Márcio, olhando espantado para a arquiteta, fez um gesto negativo e Angélica não aceitou o não como resposta e já sentenciando, pediu a chave do prédio e do apartamento do jornalista.

– Se entrar sozinho com essa mão sangrando vai sujar toda a entrada, as portas, fechaduras, elevador e sabe-se lá mais o quê. Portanto, você não tem querer ou não. Diga-me onde estão as chaves.

Márcio tentou colocar a mão no bolso da calça onde estava a chave, mas a irmã de Amadeu foi mais rápida. Enfiando a sua mão para achar a chave, contudo, além do objeto tocou outras coisas, porém optou pelo silêncio e olhar para Márcio que estava se sentindo uma verdadeira brasa. O jornalista também sentiu quando os dedos da arquiteta tocaram o tecido de sua cueca e a reação foi automática, deixando-o apreensivo e sem graça.

Sem mais delongas, a arquiteta fechou seu carro, ativando o alarme. Ambos se dirigiram à entrada do prédio. Ela com a chave na mão e ele tentando controlar a ereção. Um sacrífico que parecia não ter fim. Ela abriu a porta, foram para o elevador. Outro martírio para o repórter. Ficar com ela sozinho dentro daquele compartimento, sentindo a fragrância que emanava do corpo dela. O elevador parou no andar em que ficava o apartamento de Amadeu. Os dois saíram. Ela fez questão de deixar o ambiente primeiro.

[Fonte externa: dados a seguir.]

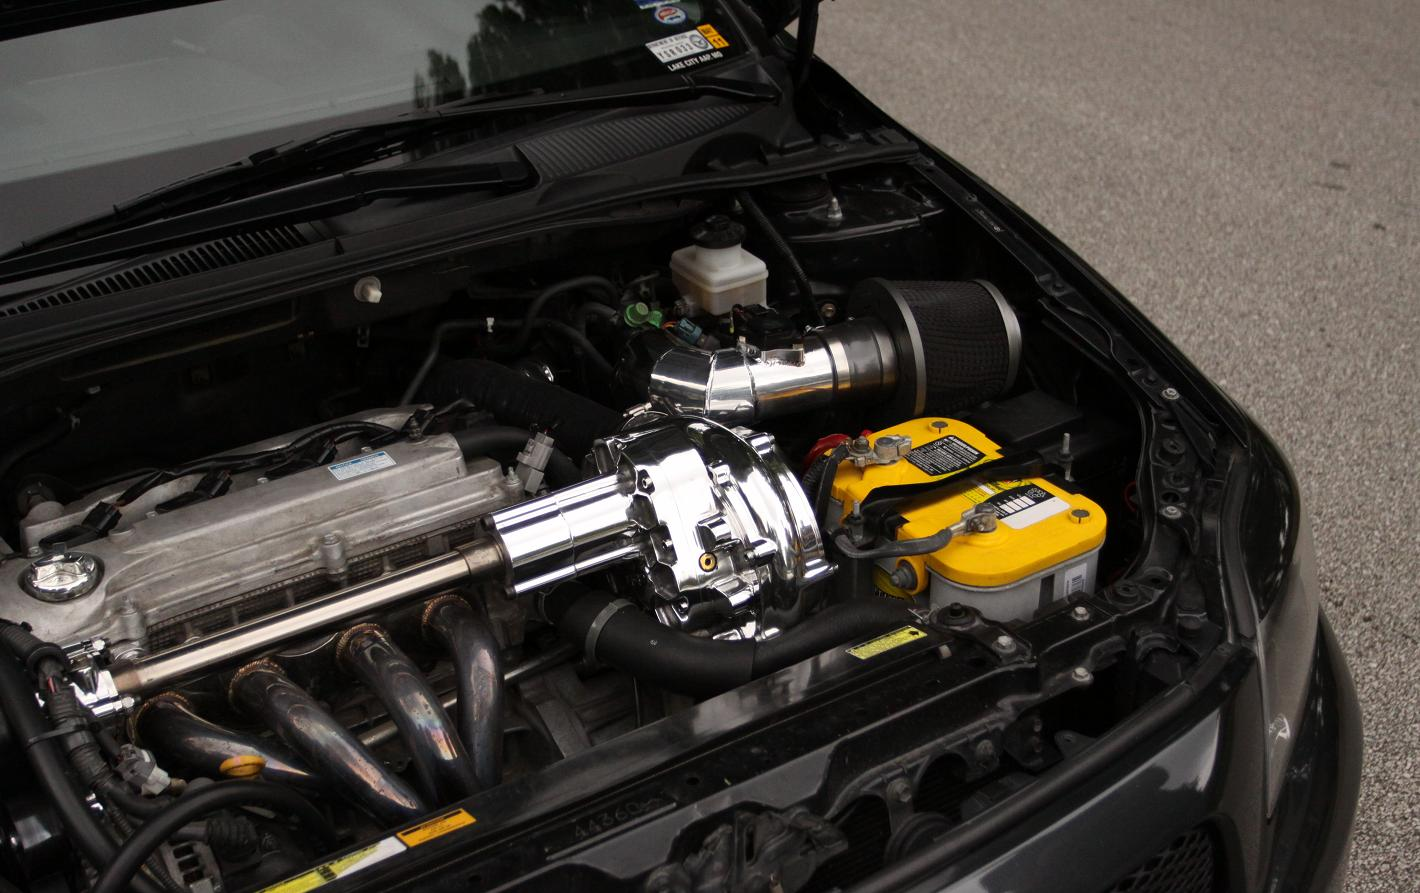 Toyota Scion Tc Customer Photos After Supercharger Metal

Márcio não sabia se estava suando frio, calor, se mudava de cor, do amarelo para o verde e deste ao vermelho, parecido com jogos de luzes das danceterias. Ele só sabe que consumiu inteiramente Angélica com um olhar de pura lasciva. Por estar há alguns passos à frente, Angélica não viu, mas quem disse que a moça não desconfiava das intenções do acompanhante. O que ela tocou quando colocou a mão no bolso dele dizia quais eram as suas reais intenções dele.

– Pronto! Chegamos! Pode deixar que daqui para frente é comigo, dona Angélica. Já fez muito me trazendo até aqui. O resto eu mesmo tomo providências.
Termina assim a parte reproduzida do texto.